(WHAT TO WORK ON)
Please repeat the records exactly, keeping the pictures out.

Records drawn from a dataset

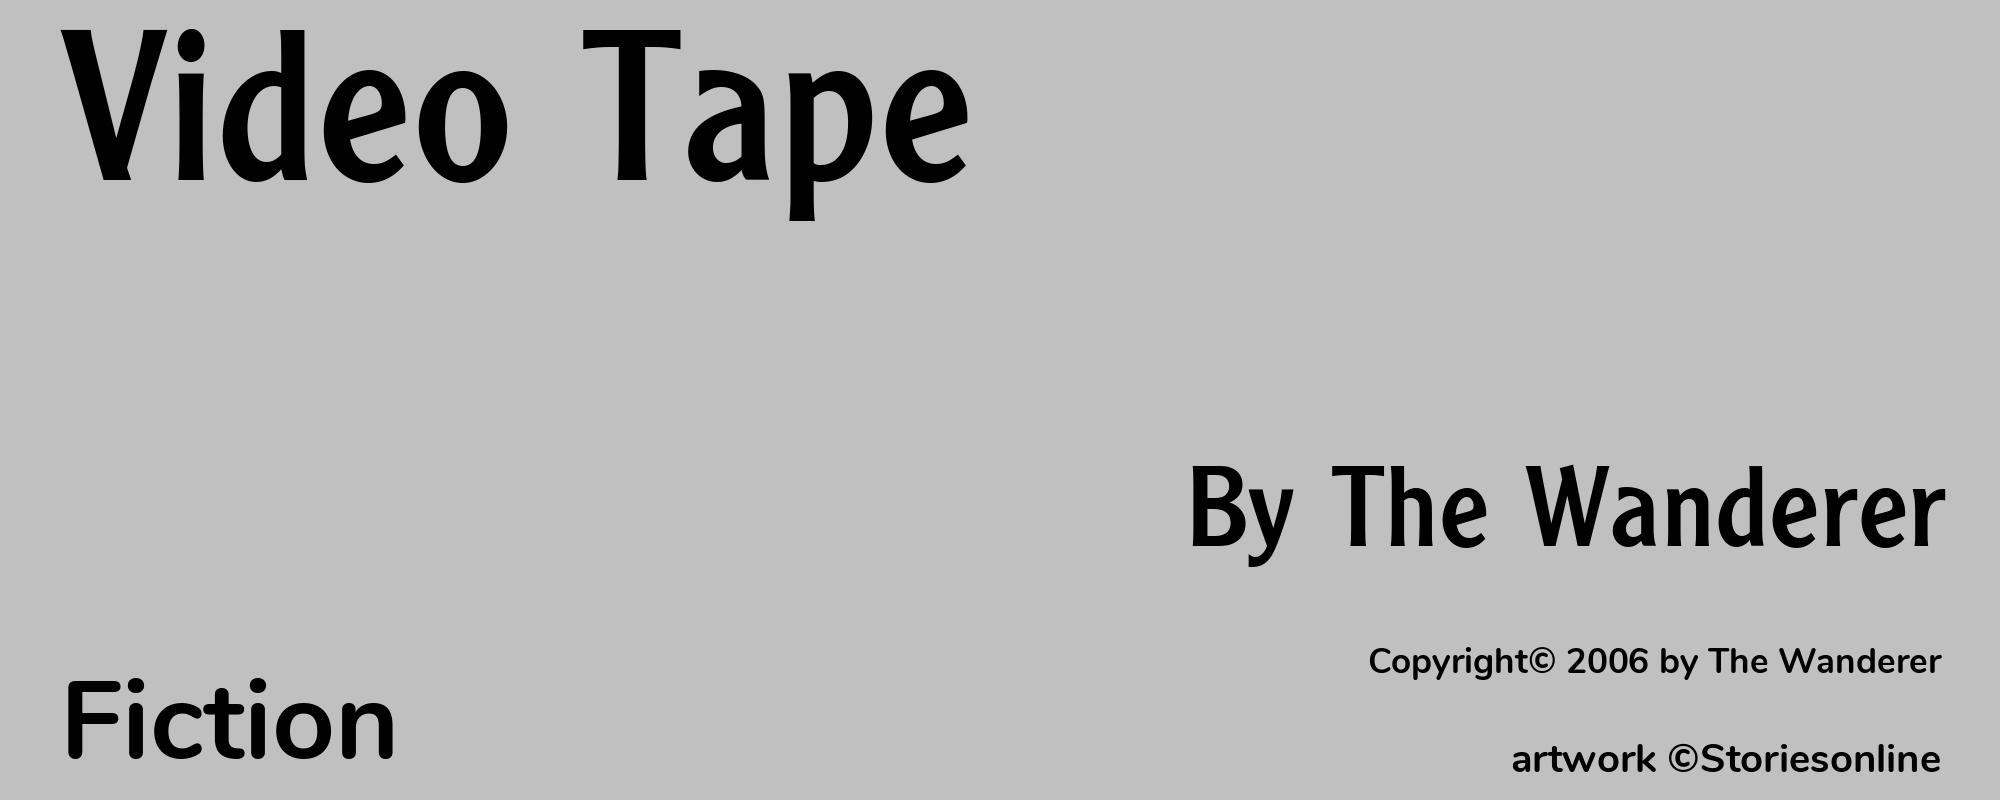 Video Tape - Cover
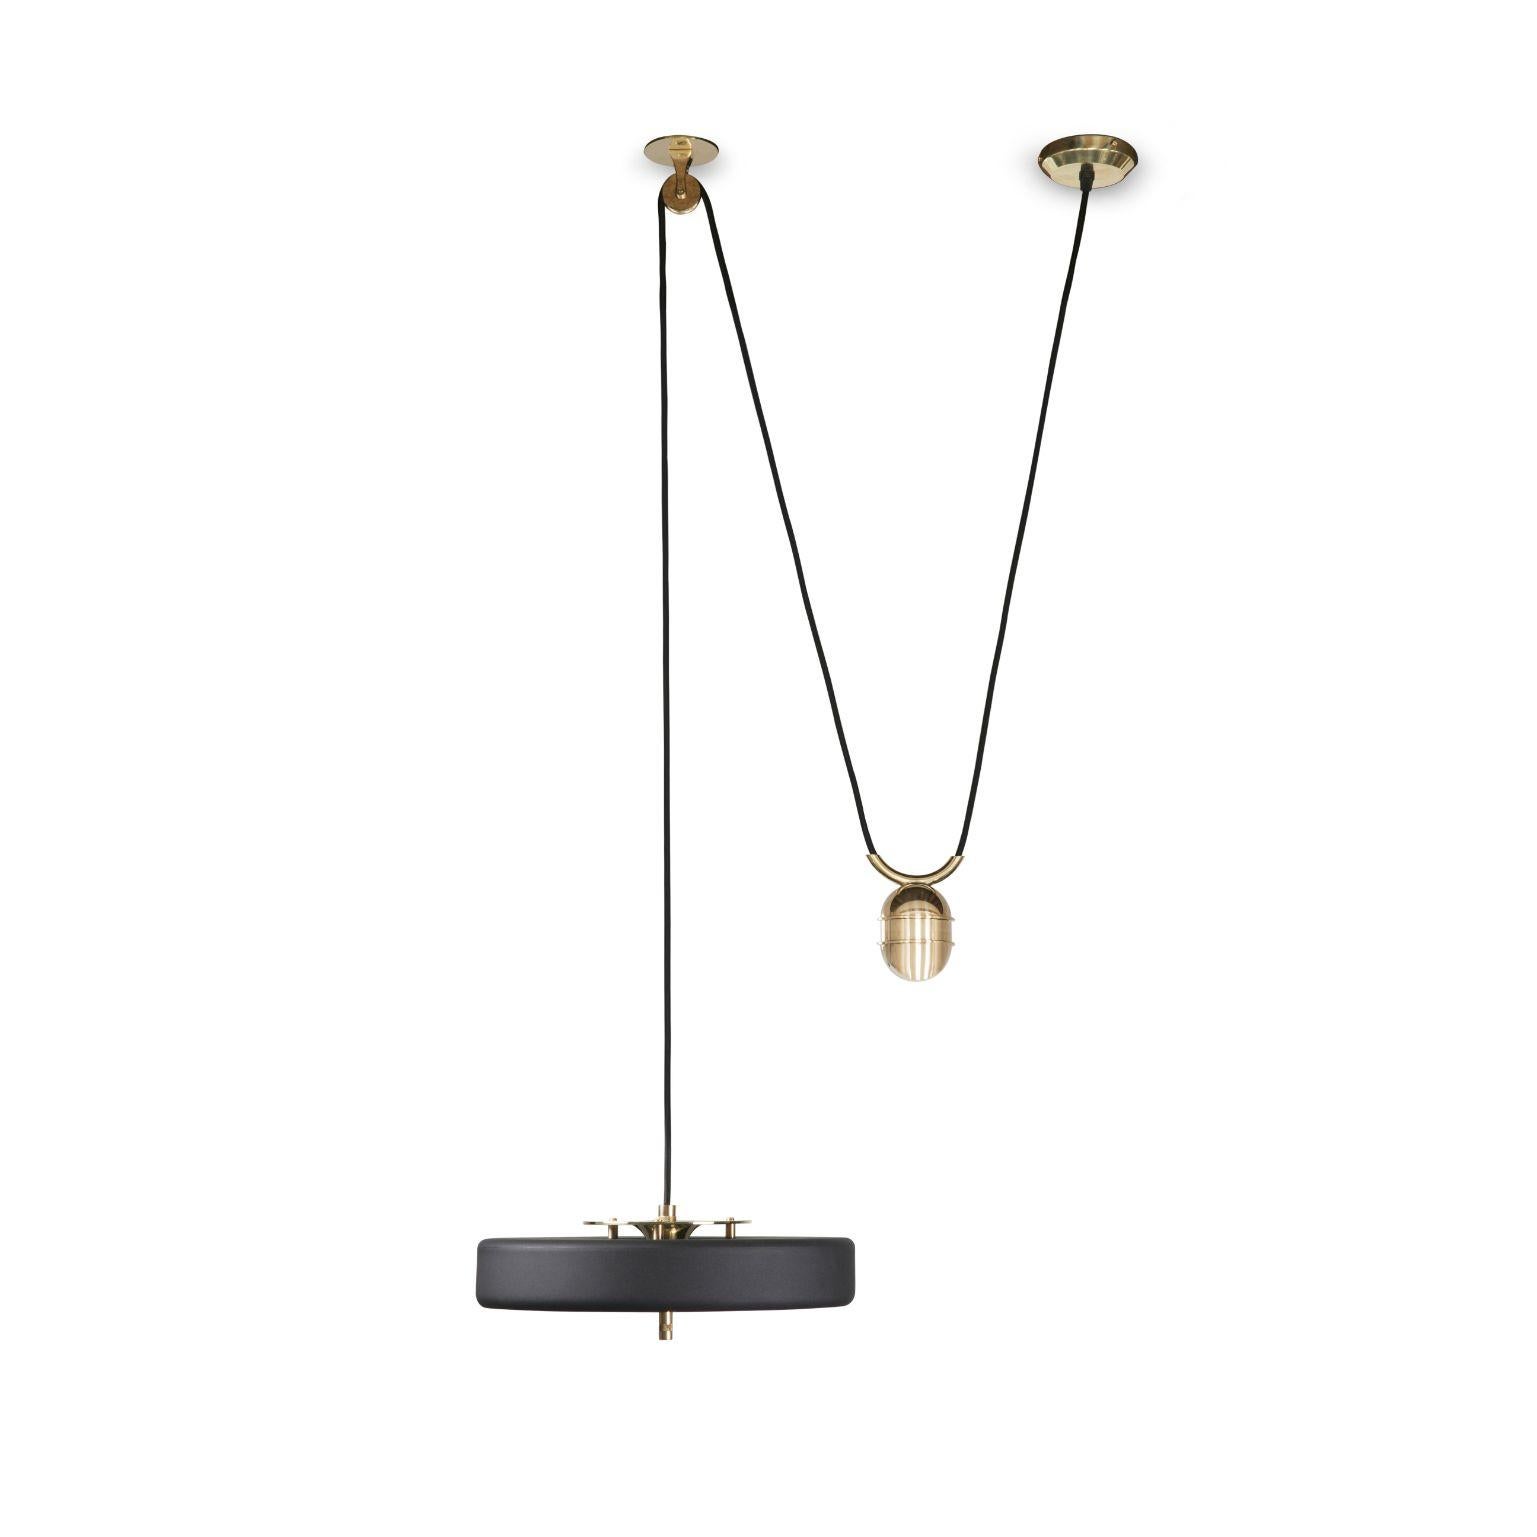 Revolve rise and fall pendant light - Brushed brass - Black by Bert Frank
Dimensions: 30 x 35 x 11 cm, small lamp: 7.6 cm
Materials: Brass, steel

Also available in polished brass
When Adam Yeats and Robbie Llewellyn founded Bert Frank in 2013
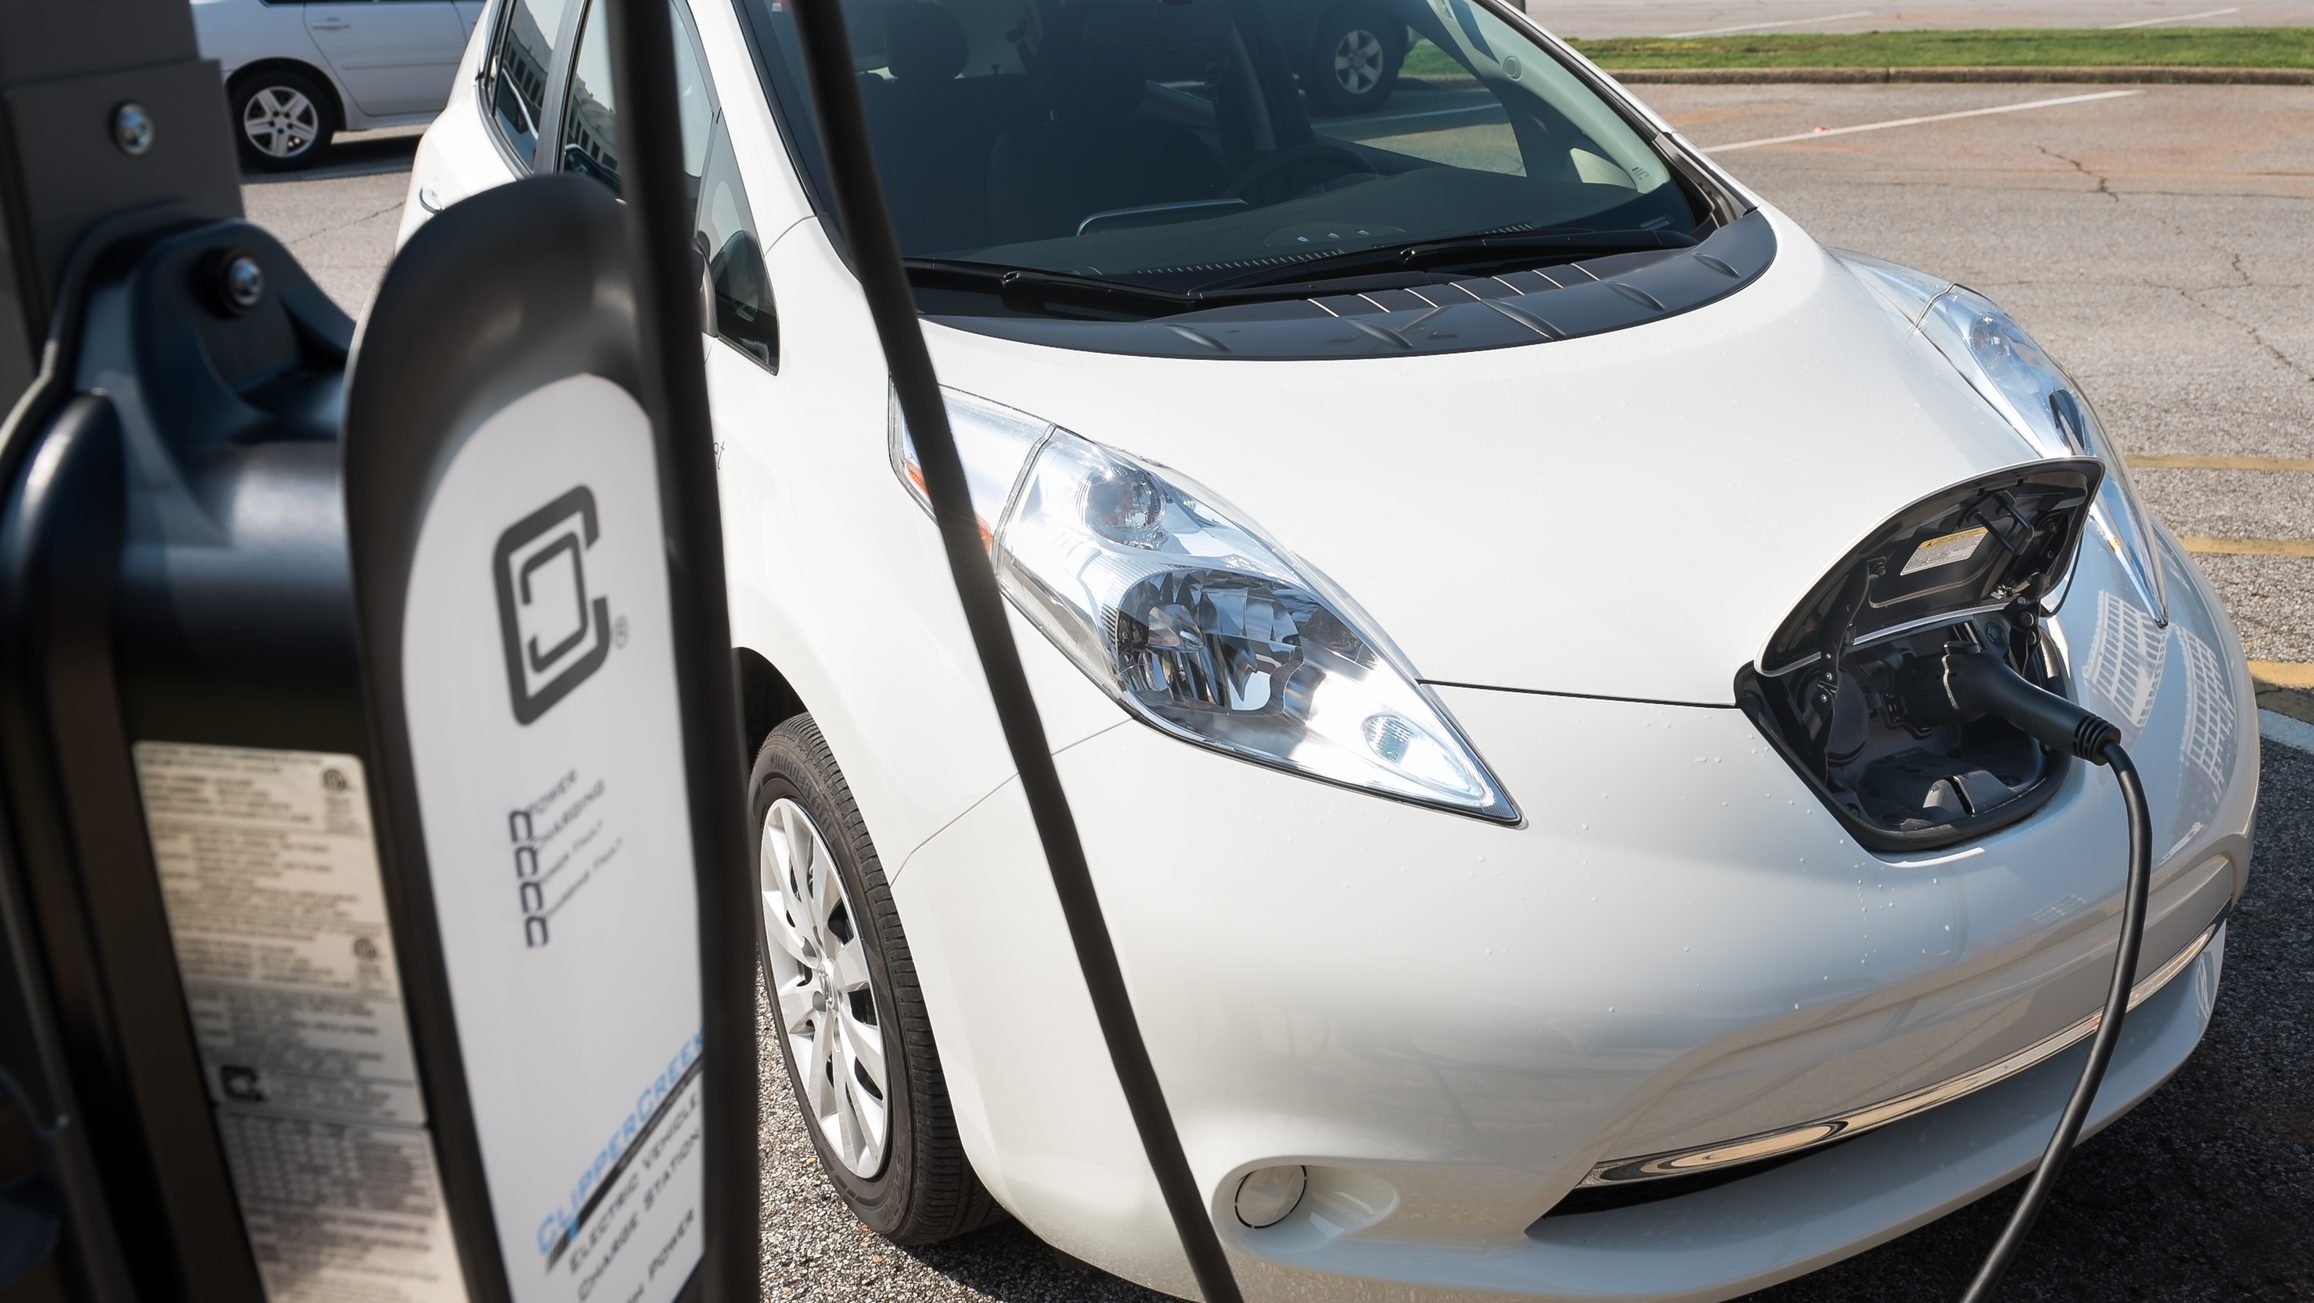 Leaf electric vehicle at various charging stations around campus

(SOLVED PROBLEM)
 Video Tape - Cover
 Revolve rise and fall pendant light - Brushed brass - Black by Bert Frank
Dimensions: 30 x 35 x 11 cm, small lamp: 7.6 cm
Materials: Brass, steel

Also available in polished brass
When Adam Yeats and Robbie Llewellyn founded Bert Frank in 2013
 Leaf electric vehicle at various charging stations around campus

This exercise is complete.